Drunk on power, campaign reformers target Constitution

October 29, 2007|By STEVE CHAPMAN

When a political party that has been a minority suddenly gains power, the change can be intoxicating. After Republicans gained control of the House of Representatives in 1994, you didn't need a Breathalyzer to detect the effect. It became obvious the instant they started batting around ideas for amending the Constitution - everything from banning flag desecration to inventing new rights for crime victims.

None of these went anywhere. Even the hyperkinetic Newt Gingrich soon realized he had his hands full with the normal business of legislating. Sobriety eventually returned.

But Democrats are susceptible to the same peril. For years, they (along with a few Republicans, notably John McCain) have clamored for laws to purge campaigns of the baneful influence of money. Now, heady with their unaccustomed majority status, they have decided mere laws are not enough. They want to amend the Constitution.

The proposed amendment, sponsored by Senate Democrats Charles E. Schumer of New York and Tom Harkin of Iowa, would overturn Supreme Court decisions that limit Congress' power to regulate the funding of political campaigns. The senators are right about one thing: The "reforms" they envision cannot be reconciled with the Constitution - particularly that passage about free speech and free association.

Their discontent dates back to the Watergate era, when Congress tried to cure corruption by putting tight limits on political contributions and expenditures. In their zeal, lawmakers paid no heed to critics who said the restrictions would impoverish public understanding by impeding communication.

But the critics were vindicated when the Supreme Court ruled that under the First Amendment, candidates are free both to spend as much as they choose and to contribute unlimited amounts to their own campaigns. It also said citizens have the right to spend as much as they choose to spread their own views about candidates.

Subsequent measures have foundered on the same rocks. The 2002 McCain-Feingold law made it illegal to use corporate funds for radio or TV spots that even mention a candidate for federal office within 60 days of an election. This year, though, the court said that unless such commercials are clearly campaign ads in disguise, they may not be banned.

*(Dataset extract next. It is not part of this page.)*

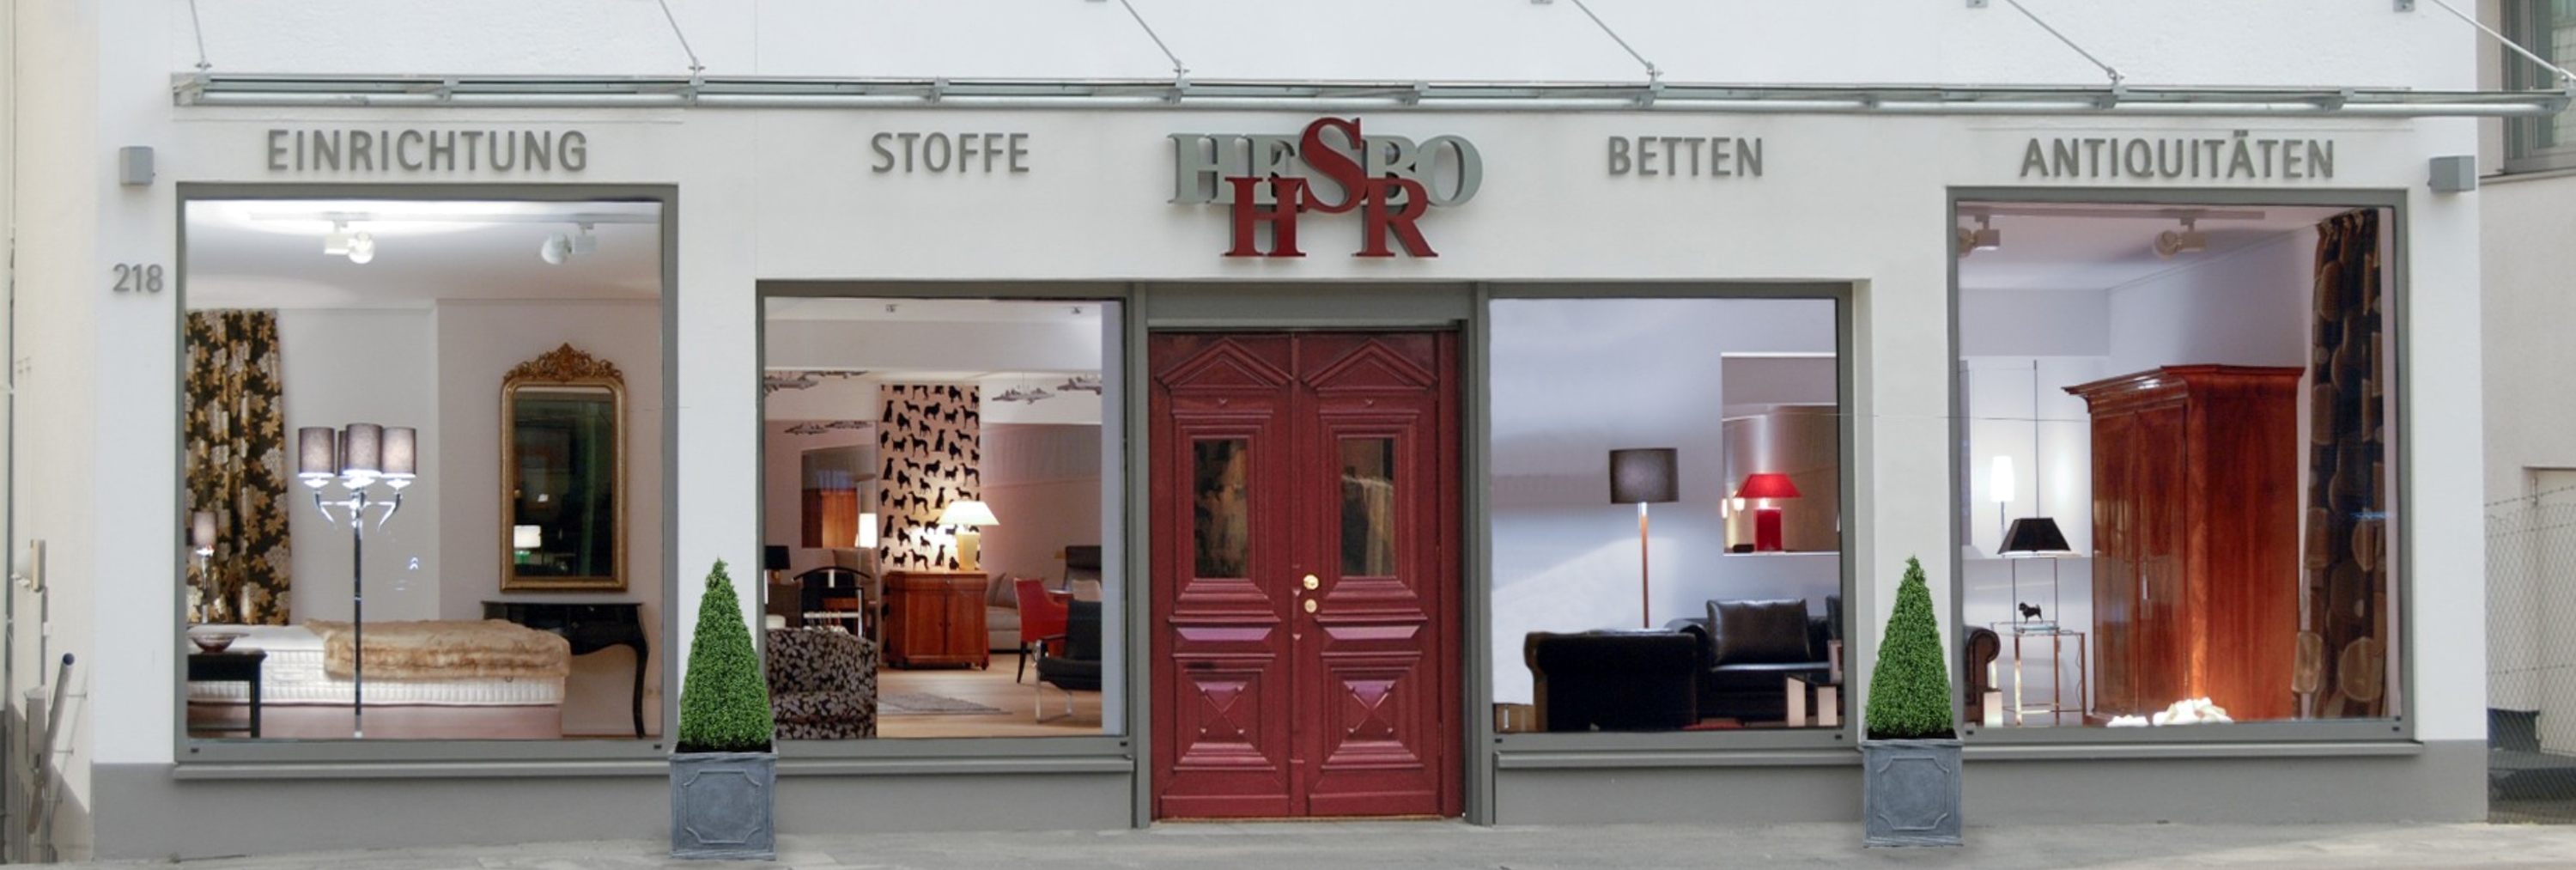 Rote Eingangstür von HSR Hesbo in Bonn, Römerstraße 218

Mr. Schumer and Mr. Harkin are joined in their crusade by Republican Sens. Arlen Specter of Pennsylvania and Thad Cochran of Mississippi. The amendment would give Congress complete authority to regulate "the raising and spending of money, including the setting of limits," for any federal campaign.

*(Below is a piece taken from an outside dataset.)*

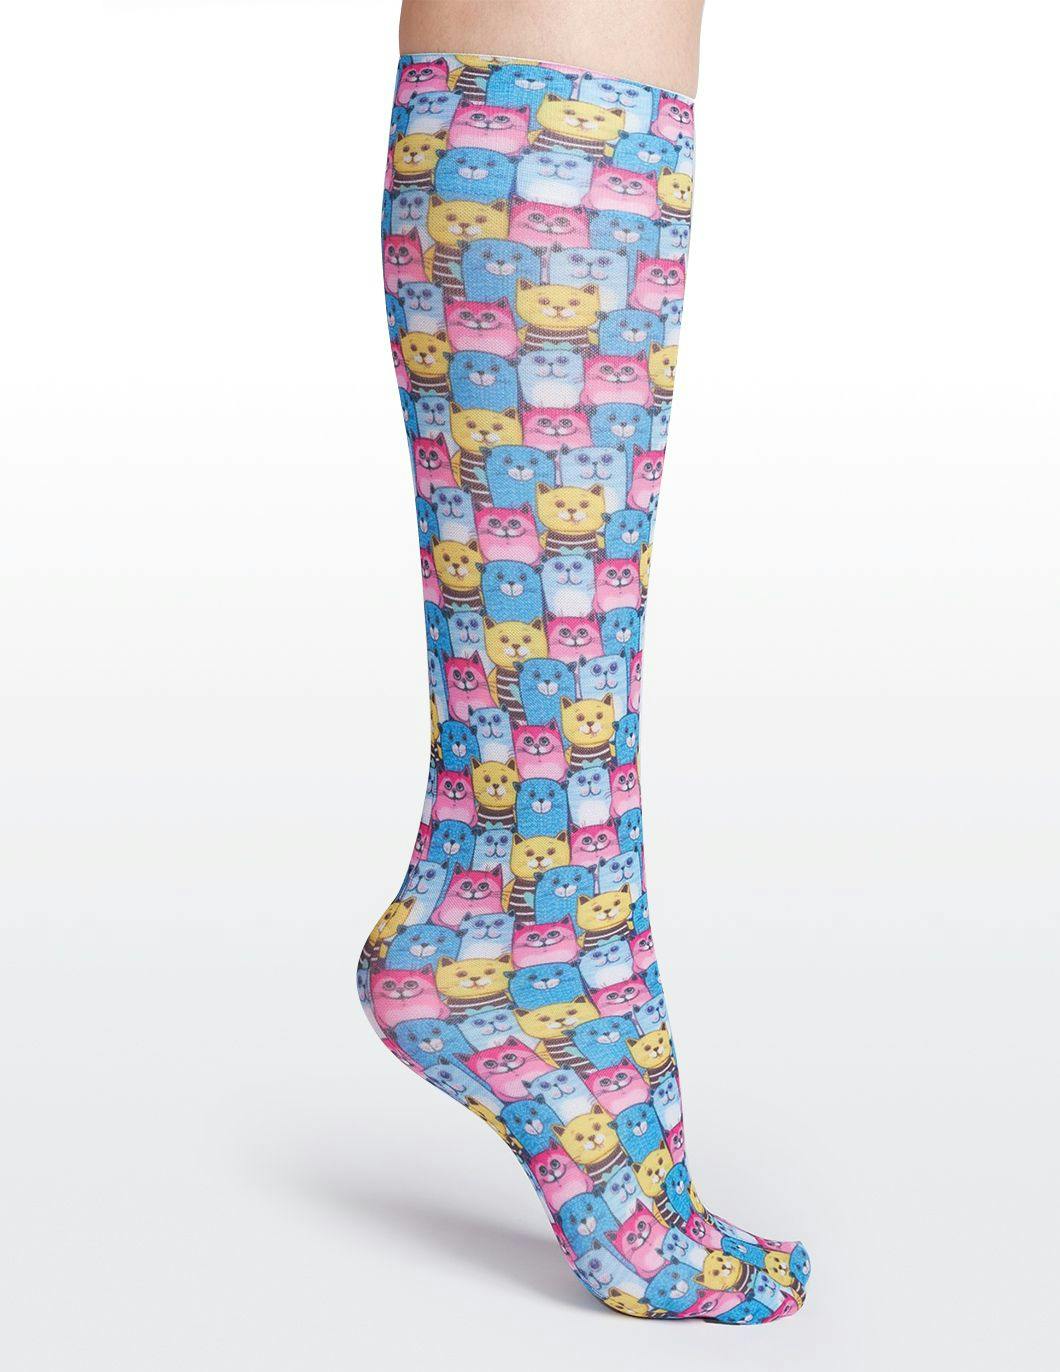 cutieful-compression-socks-8-15-mmhg kozy-kats-print

The most obvious travesty is that the amendment would repeal the First Amendment as it relates to campaign finance. This would be the first time in our history that we altered the Constitution to curtail liberties protected by the Bill of Rights.

It would also have the effect, not accidental, of protecting incumbent members of Congress from being unseated at the polls. Since they have numerous ways to keep their names in front of voters without spending money, incumbents have little to lose from spending limits. Challengers generally can't win votes unless they can deliver their message to voters, which requires sums of money that campaign reformers hope to deny them.

Fortunately, the amendment has dim chances of being enacted. A constitutional amendment requires a two-thirds majority in each house, and even McCain-Feingold didn't get that.

But the effort should serve two invaluable purposes. Democrats in Congress will learn the limits of their new power, and the public will gain a new appreciation of why the power of Congress needs limits.